King v. Smith Baking Co.

71 S.W.2d 115, 228 Mo. App. 721, 1934 Mo. App. LEXIS 146
CourtMissouri Court of Appeals
DecidedApril 2, 1934
StatusPublished
Cited by4 cases

This text of 71 S.W.2d 115 (King v. Smith Baking Co.) is published on Counsel Stack Legal Research, covering Missouri Court of Appeals primary law. Counsel Stack provides free access to over 12 million legal documents including statutes, case law, regulations, and constitutions.

Bluebook
King v. Smith Baking Co., 71 S.W.2d 115, 228 Mo. App. 721, 1934 Mo. App. LEXIS 146 (Mo. Ct. App. 1934).

Opinions

This is a suit instituted by respondent on the thirteenth day of September, 1930, in the Circuit Court of Jackson County for the death of her husband, Arthur Lee King, from injuries alleged to have been received by him while engaged in the course of his employment by appellant, by reason of the negligence of appellant.

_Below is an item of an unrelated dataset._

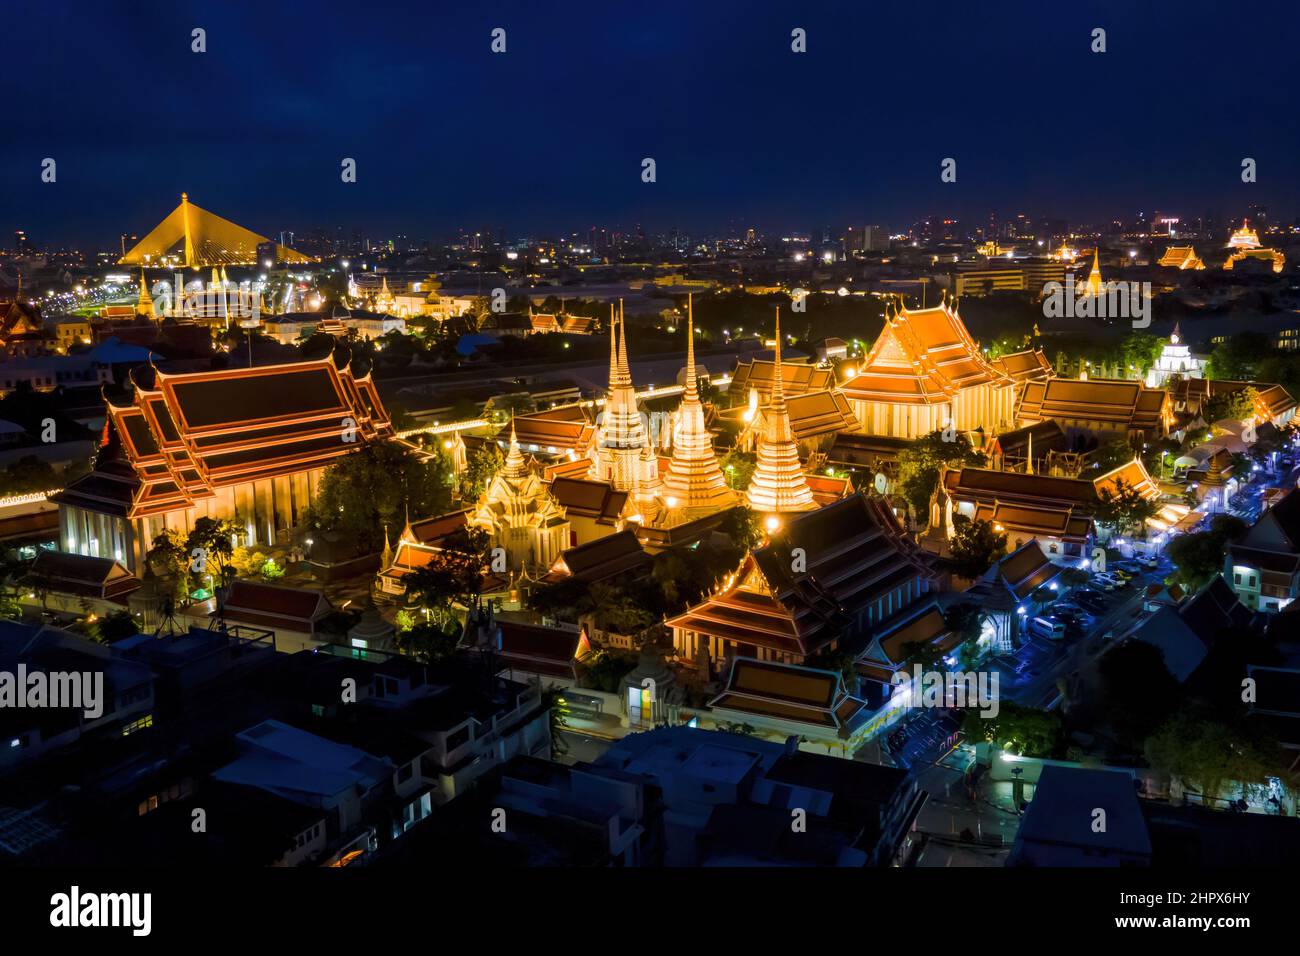 July 25, 2021, Bangkok, Thailand: (EDITOR'S NOTE: Image taken with drone).Aerial view of the Grand Palace in Bangkok.Two of Thailand's most famous cultural heritage sites and tourist attractions, Wat Arun (Temple of Dawn) and The Grand Palace, are illuminated at night along the Chao Praya River in Bangkok. The Thai Government recently announced eased entry requirements for international tourists visiting Thailand amidst a surge in the Omicron variant of COVID-19 throughout the country, with cases topping 20,000 reported infections per day. (Credit Image: © Matt Hunt/SOPA Images via ZUMA Press Stock Photo

The deceased husband died on the thirtieth day of January, 1930. In her amended petition, upon which the cause was tried, respondent alleged the corporate capacity of appellant and that appellant was engaged in the business of manufacturing and distributing bakery products in Kansas City, Missouri, and vicinity; that she is and was the lawful wife of deceased; and that he died on or about January 30, 1930, and left no minor children surviving him. She then charges the acts of negligence complained of and the injuries thereby occasioned deceased, from which, it was claimed, he died. The prayer was for judgment for damages against appellant in the sum of ten thousand dollars.

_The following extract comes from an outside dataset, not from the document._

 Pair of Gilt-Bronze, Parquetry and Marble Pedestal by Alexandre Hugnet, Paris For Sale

The answer of appellant to the amended petition admitted that it was a corporation and that respondent was the wife of deceased and that he died on or about January 30, 1930, and tendered a general denial as to all other allegations.

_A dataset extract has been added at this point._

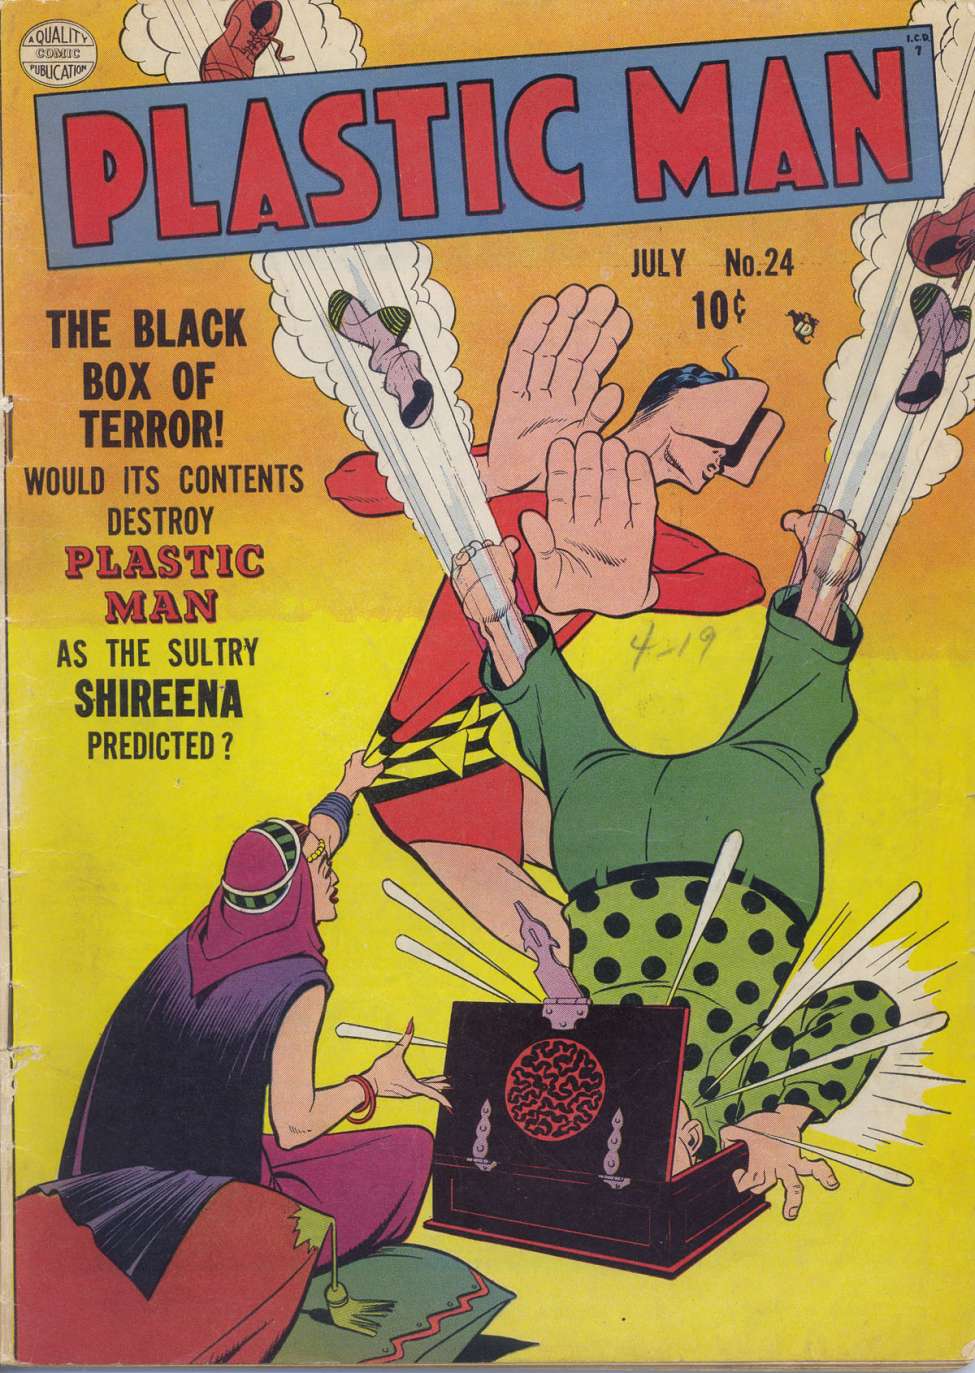 Book Cover For Plastic Man 24

It further set out that the deceased, Arthur Lee King, left surviving him one Emmett Lee King, a minor son, of the age of fourteen years; that said minor was also the son of the respondent; that the respondend had no right to maintain the suit in that her right to assert the cause of action had terminated prior to the filing of the original petition, such petition not being filed within six months after the death of deceased and more than six months having elapsed from the date of his death to the date of such filing; that respondent was *Page 723 without capacity to maintain the suit; and that the court was without jurisdiction to entertain and determine the same.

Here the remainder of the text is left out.